- **Your instructions**
When copying the data below, keep only the lines from the one with "Boots | 'Pinaz'" through the one with "Vote Here - Outdoor", word for word, and skip the pictures.

- **Supplied records**
····················

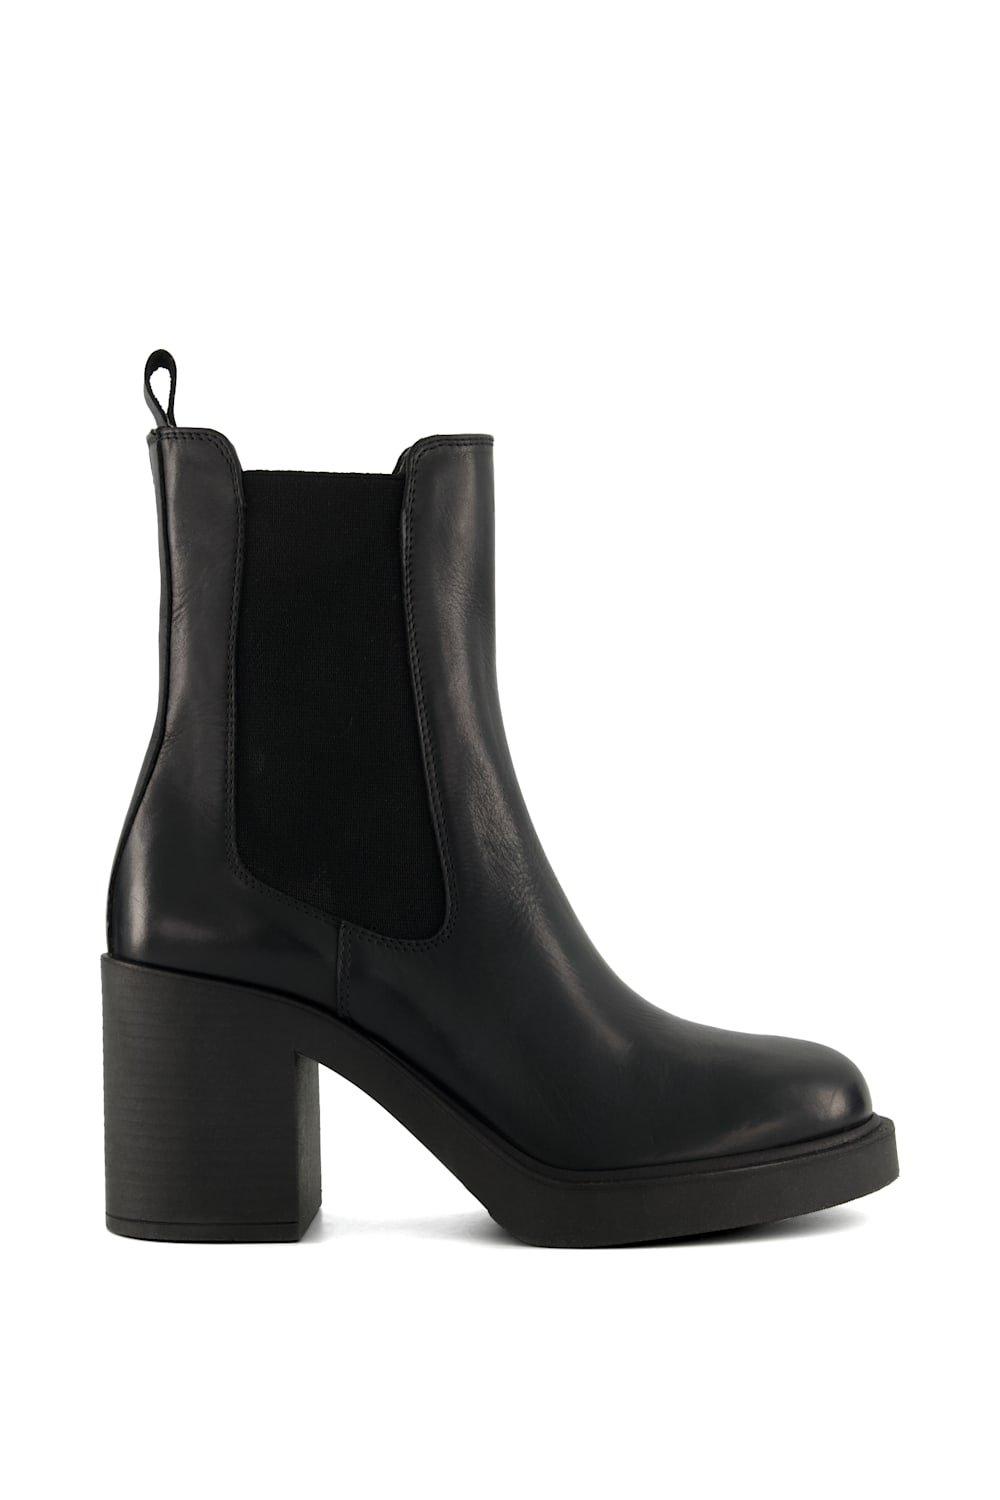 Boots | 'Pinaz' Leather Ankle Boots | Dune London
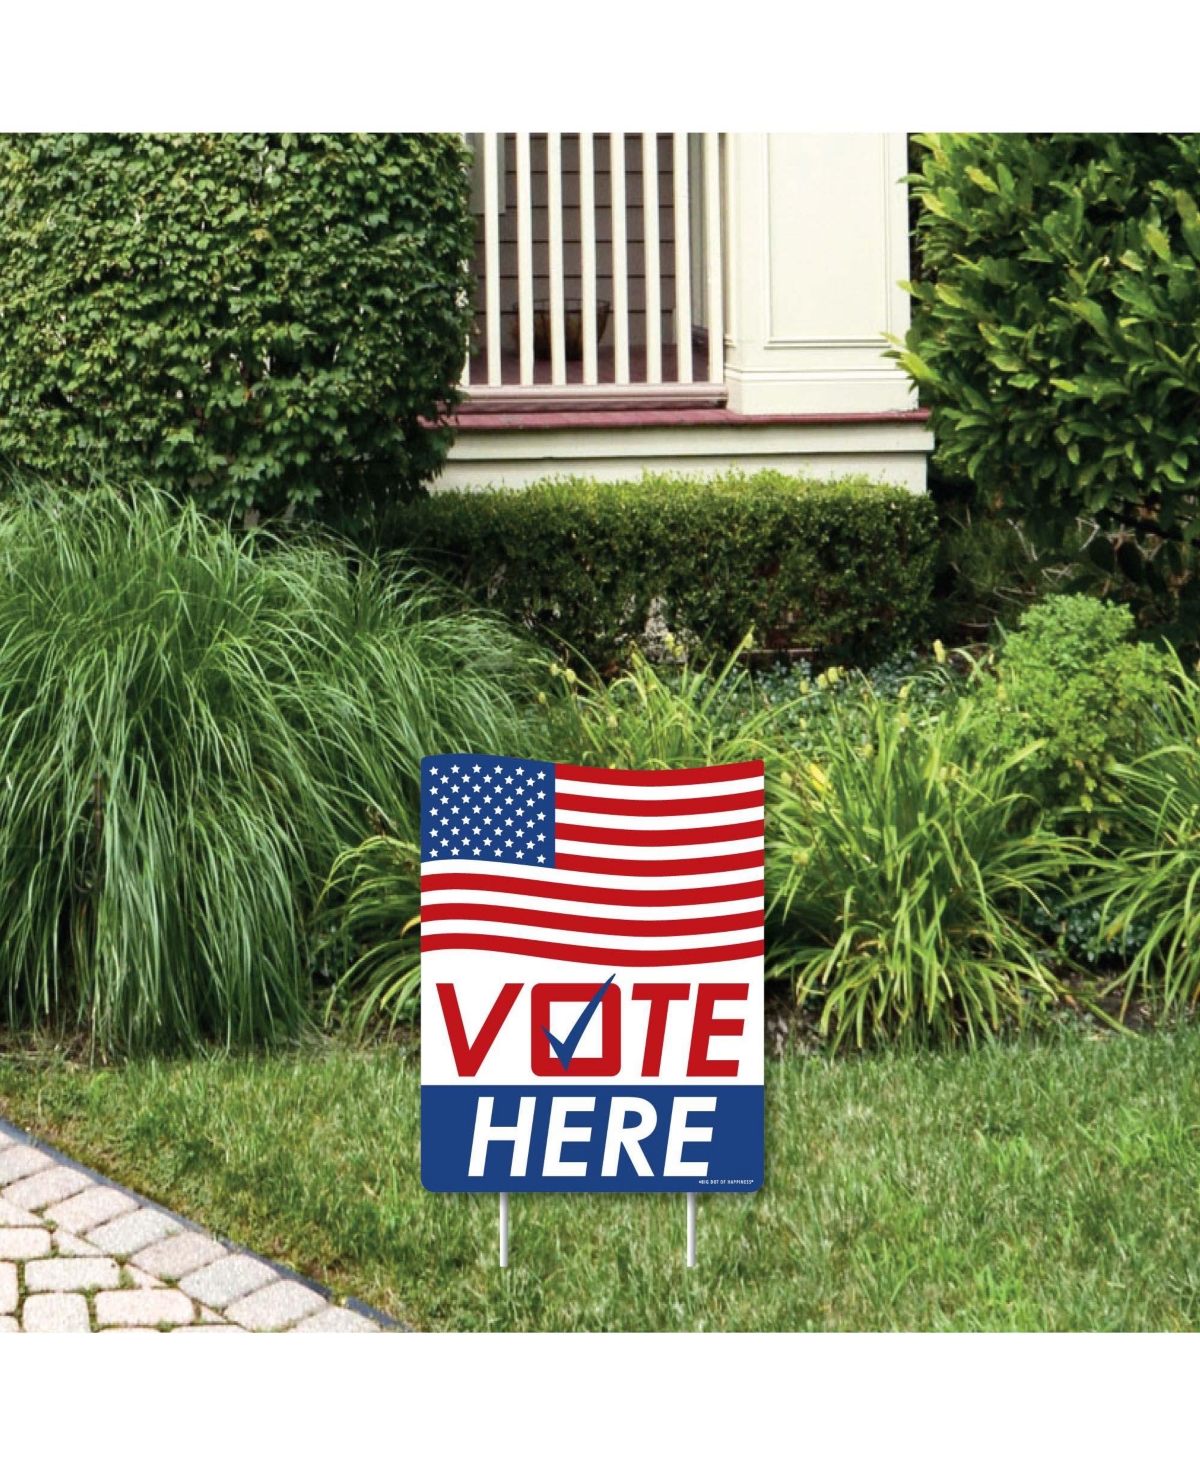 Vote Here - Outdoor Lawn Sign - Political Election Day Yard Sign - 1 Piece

····················

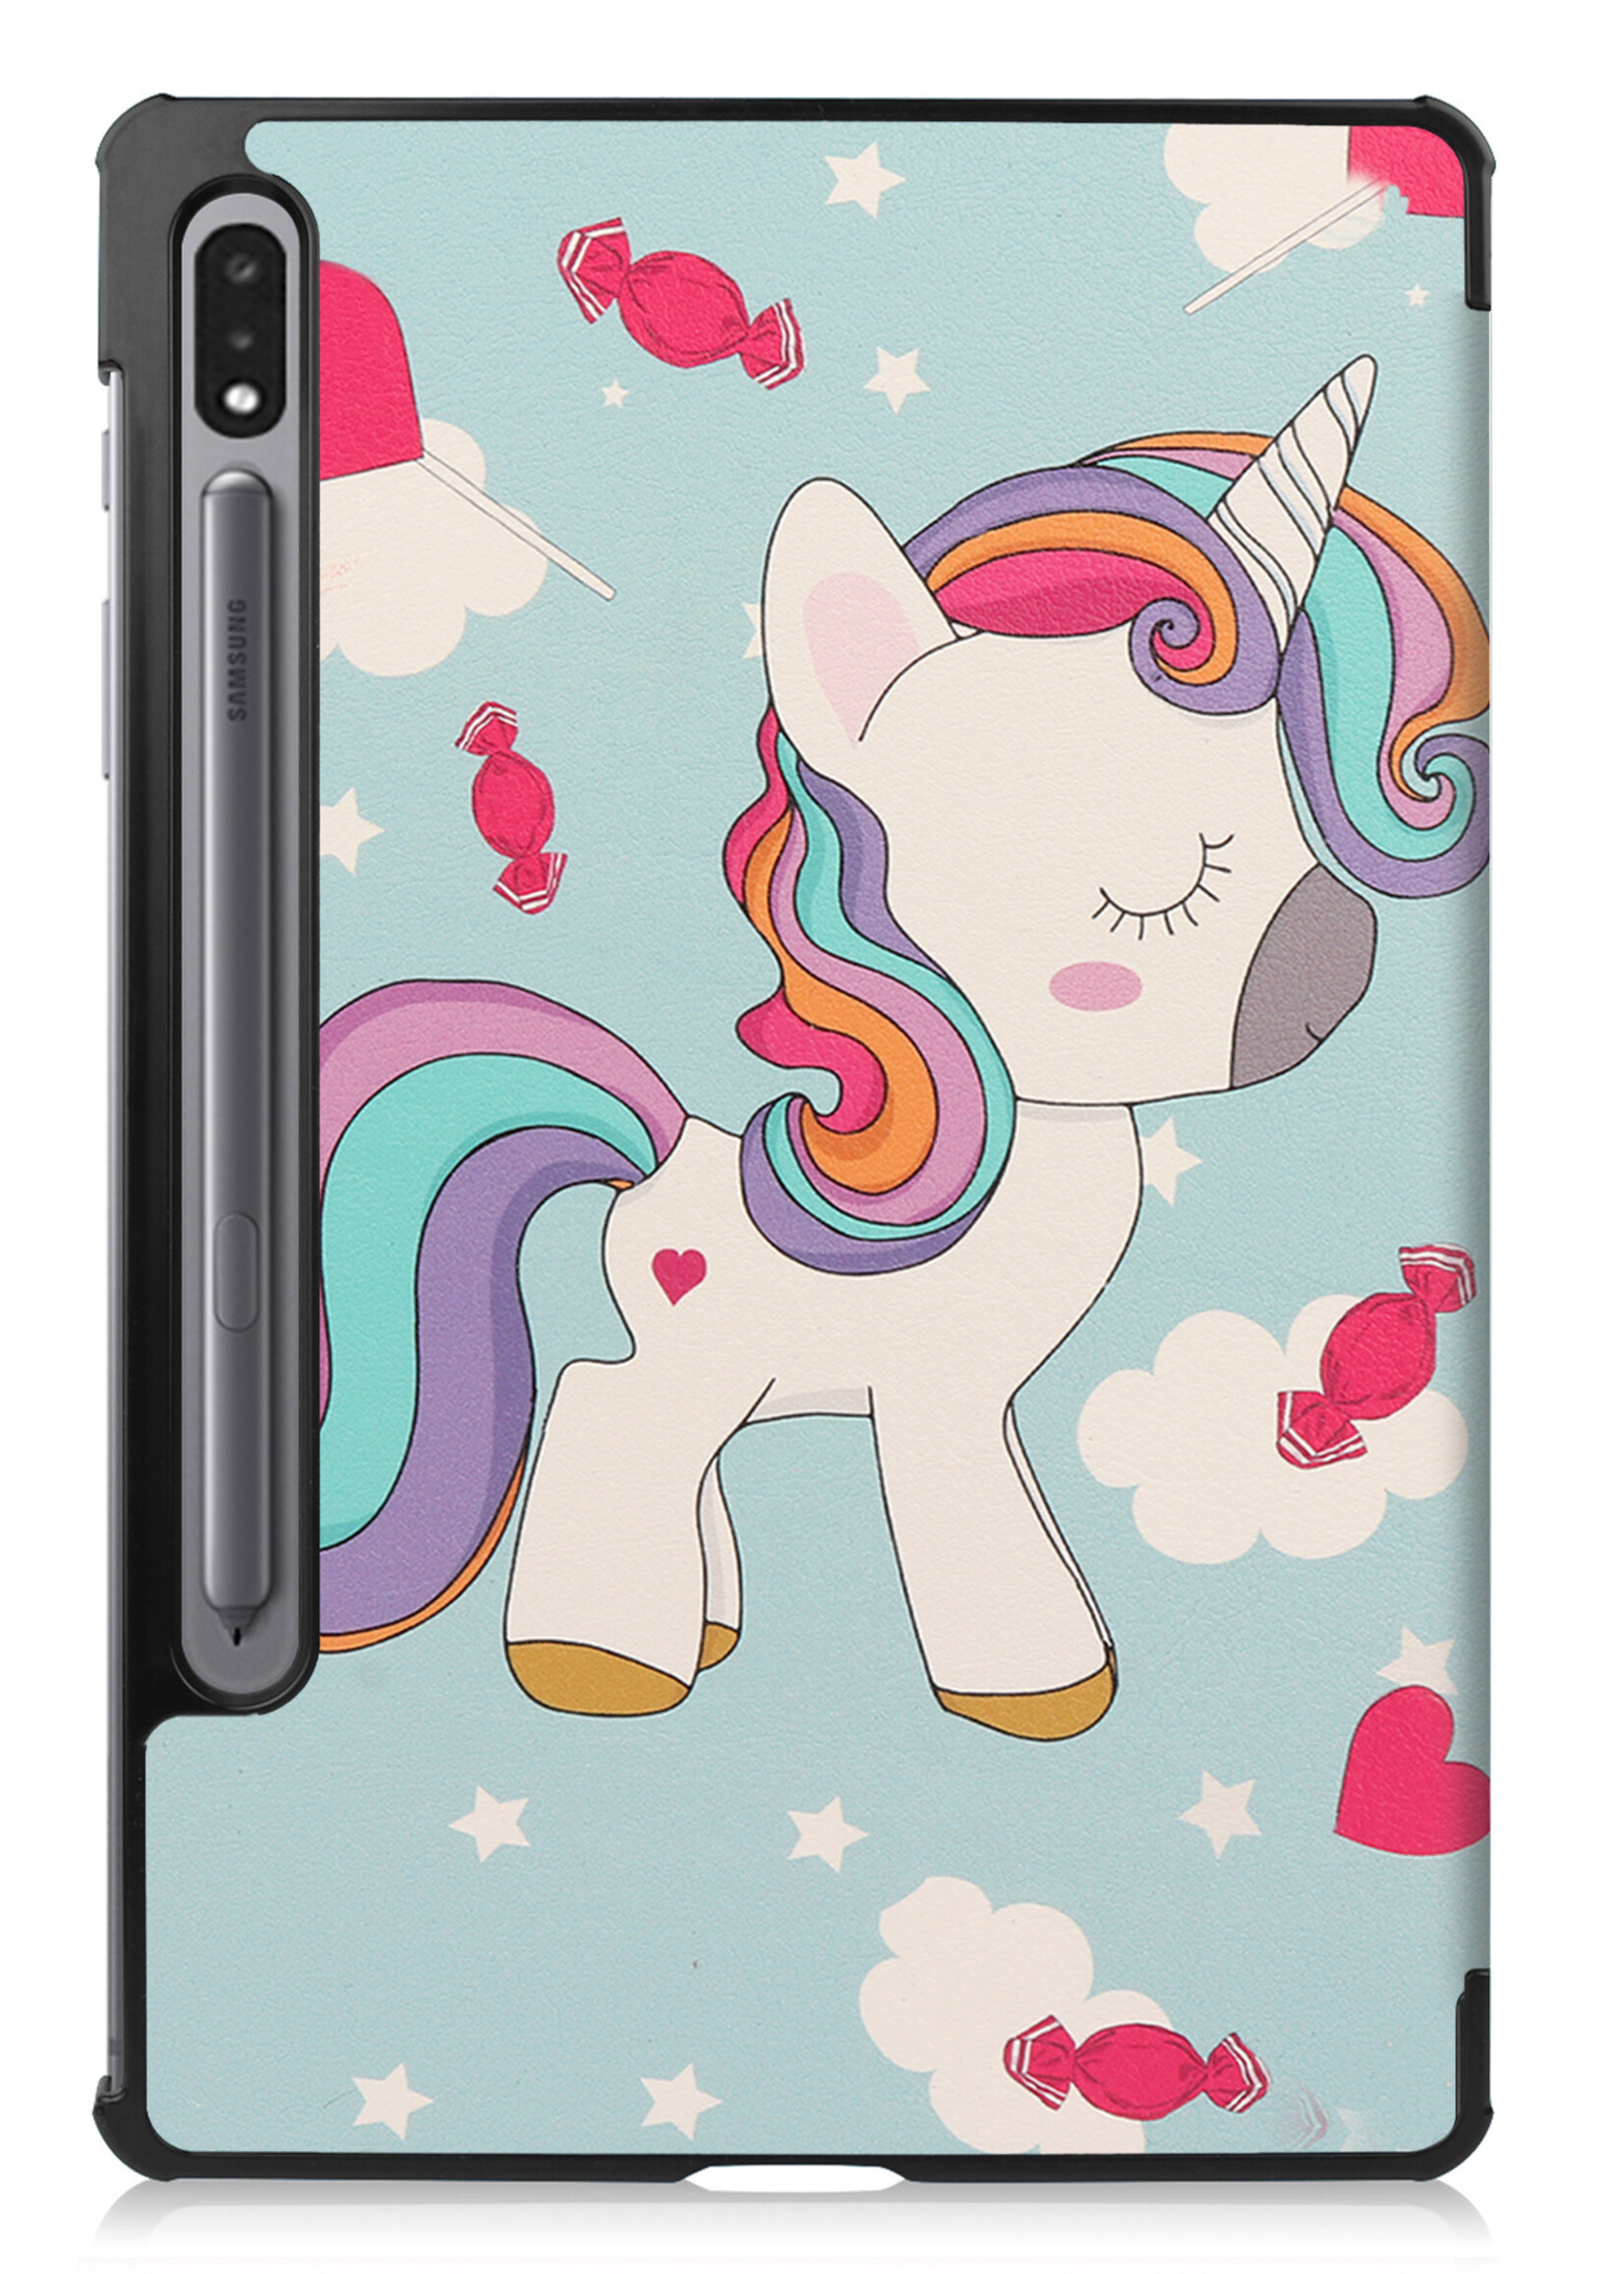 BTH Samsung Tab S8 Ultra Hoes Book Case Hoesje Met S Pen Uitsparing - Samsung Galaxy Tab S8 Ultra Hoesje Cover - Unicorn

····················

- **Answer box**
 Boots | 'Pinaz' Leather Ankle Boots | Dune London
 Vote Here - Outdoor Lawn Sign - Political Election Day Yard Sign - 1 Piece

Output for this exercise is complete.